As for the platters containing Platinum , the fact is that some of them do, but it only exists on the order of 20 parts per million (that's 20 grams per metric ton). For this reason I do not recommend them as a viable source of platinum. Catalytic converters are a much better source of PGMs.

Steve


----------



## Anonymous (Jul 21, 2009)

I have access to between 100 and 150 per day quite regularly, but more likely 75 to 100. Platinum is platinum, and it doesn't cost me anything but the time to process it. I still think it's worth my while.


----------



## Anonymous (Jul 21, 2009)

the place I get the stuff from just gives them to the provincial recycling program and gets nothing for it. They also have large quantities of cpu, ram, and circuitboards but they sell that stuff. There is also alot of aluminum and brass in hard drives. are the magnets worth anything? what about the brackets that hold the magnets, what are they, they shield the magnets from the surrounding components.


----------



## Chumbawamba (Jul 21, 2009)

Hi Steve.

I recently made acquaintances with an auto scrapper that claims to have a large pile of cats that he wants to mine for the PGMs. I've been researching the process for extraction and have thus far managed to read the brief sections in Ammen's book (see excerpt below) and I watched the video on your site but that just shows me how to extract the honeycomb.

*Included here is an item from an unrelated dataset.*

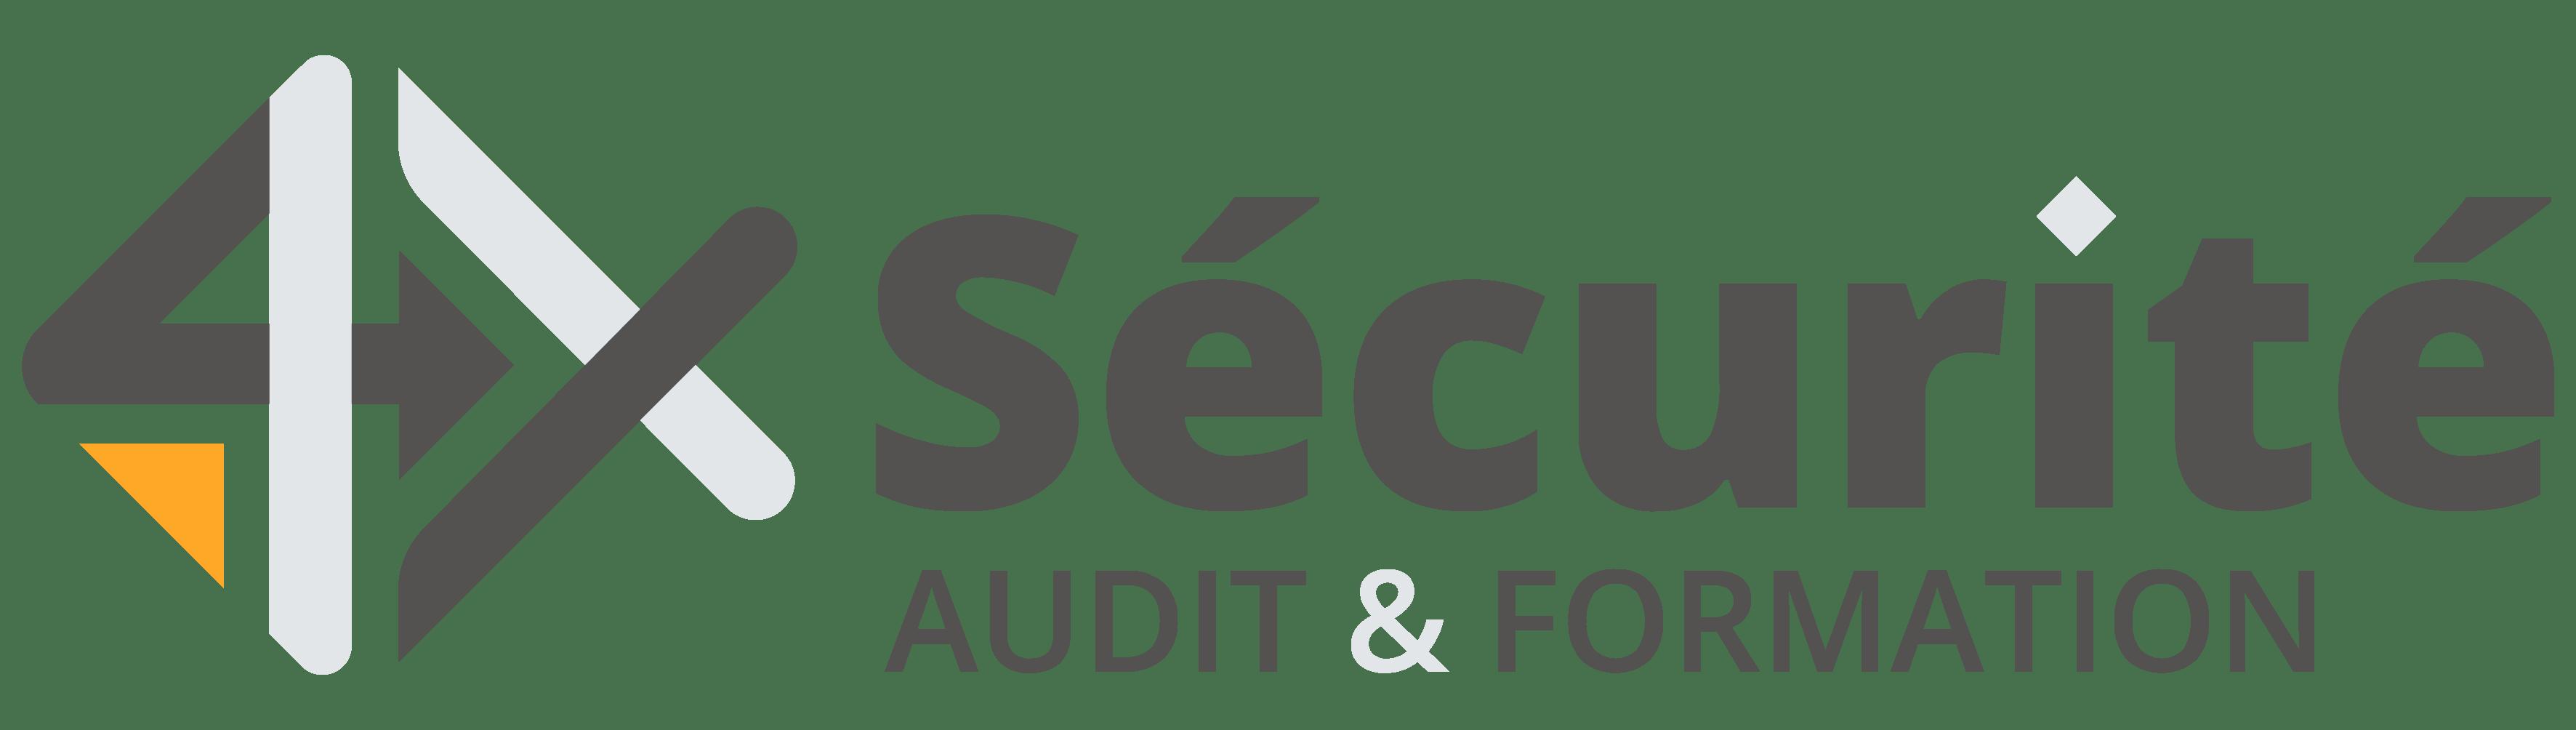 4xSecurite logo clair horizontal baseline gris

Will your "Fundamentals of Pt and Pd" videos give me useful insight into trying my hand at recovery?

I was thinking that it would probably be a matter of grinding up the honeycombs or pellets into a nice fine powder, then dropping out the metals with some chemical process, but it would seem there is perhaps a lot more background chemistry I would have to master before I would be successful. I'm starting to get the impression that if it was that simple then there would be more information out there.

Your comments would be greatly appreciated.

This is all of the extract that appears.